### GIVEN INFORMATION
--------------------

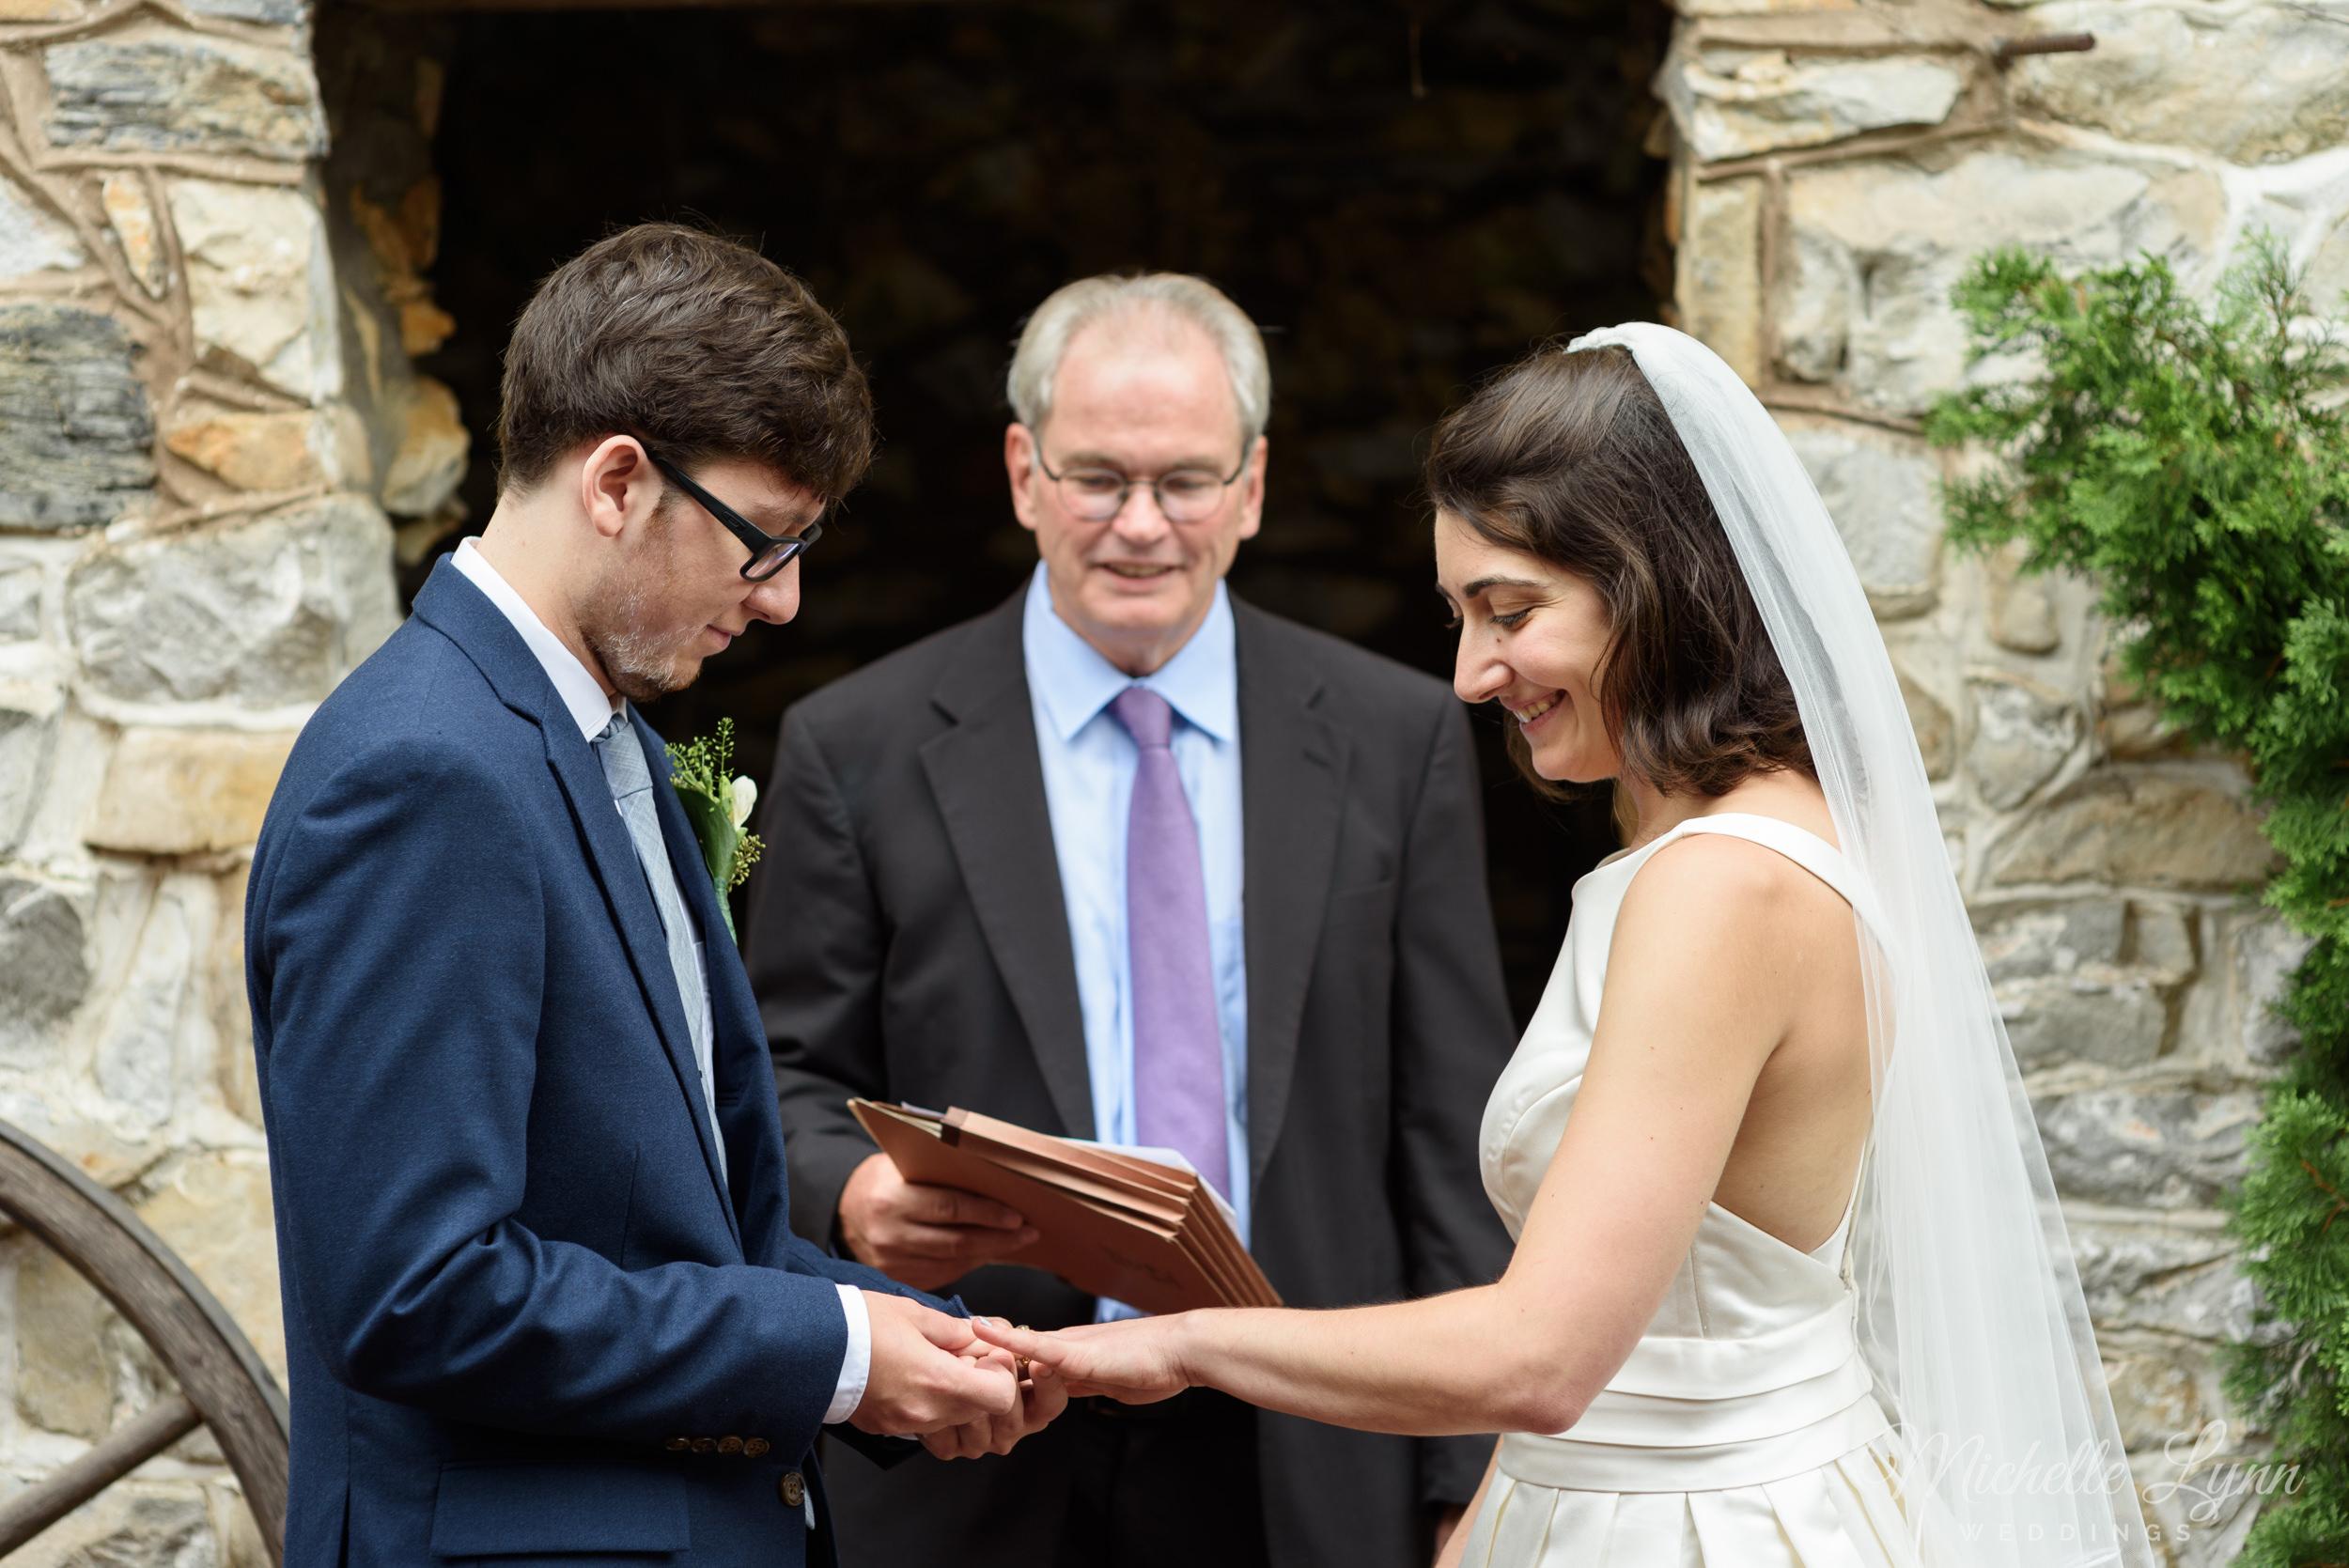 mlw-general-warren-malvern-wedding-photographer-49.jpg
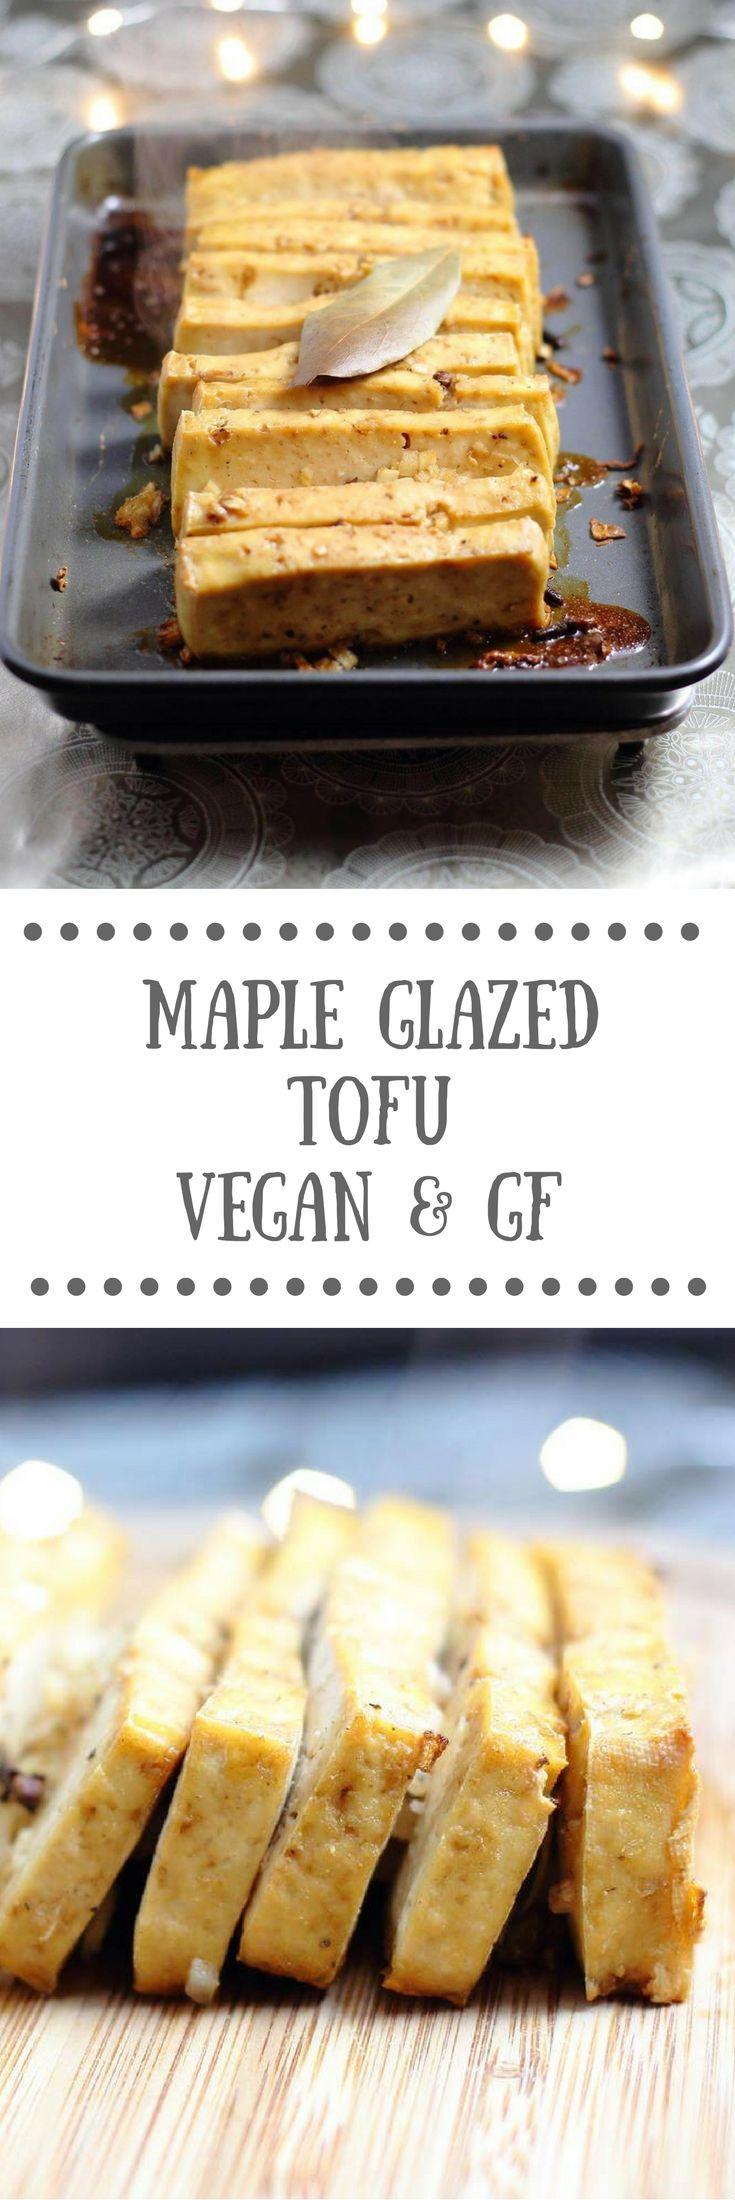 Maple Glazed Tofu - Vegan & Gluten-free Recipe | Perfect for a festive veggie Christmas feast.
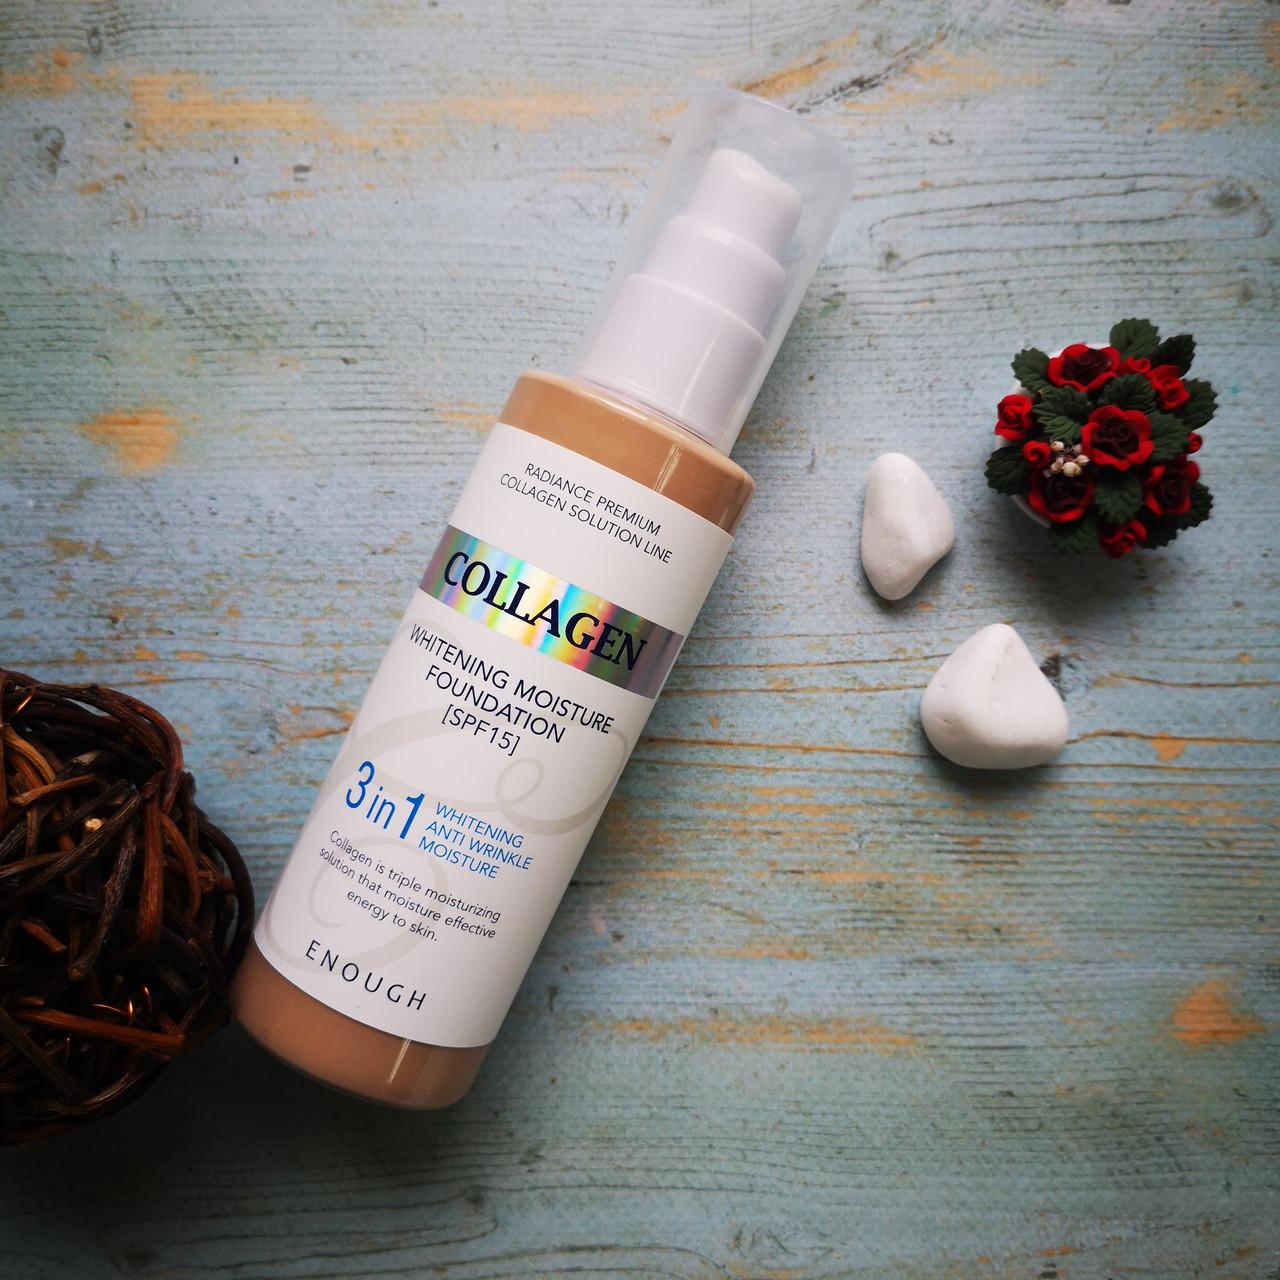 Осветляющая база под макияж Enough с колагеном Collagen Whitening Moisture Foundation 3 in 1 #21

--------------------

### WHAT IS EXPECTED
From the line with "Maple Glazed Tofu" through the end of the listing, write out every line exactly, leaving out the pictures.

### SOLUTION TO THIS EXERCISE
 Maple Glazed Tofu - Vegan & Gluten-free Recipe | Perfect for a festive veggie Christmas feast.
 Осветляющая база под макияж Enough с колагеном Collagen Whitening Moisture Foundation 3 in 1 #21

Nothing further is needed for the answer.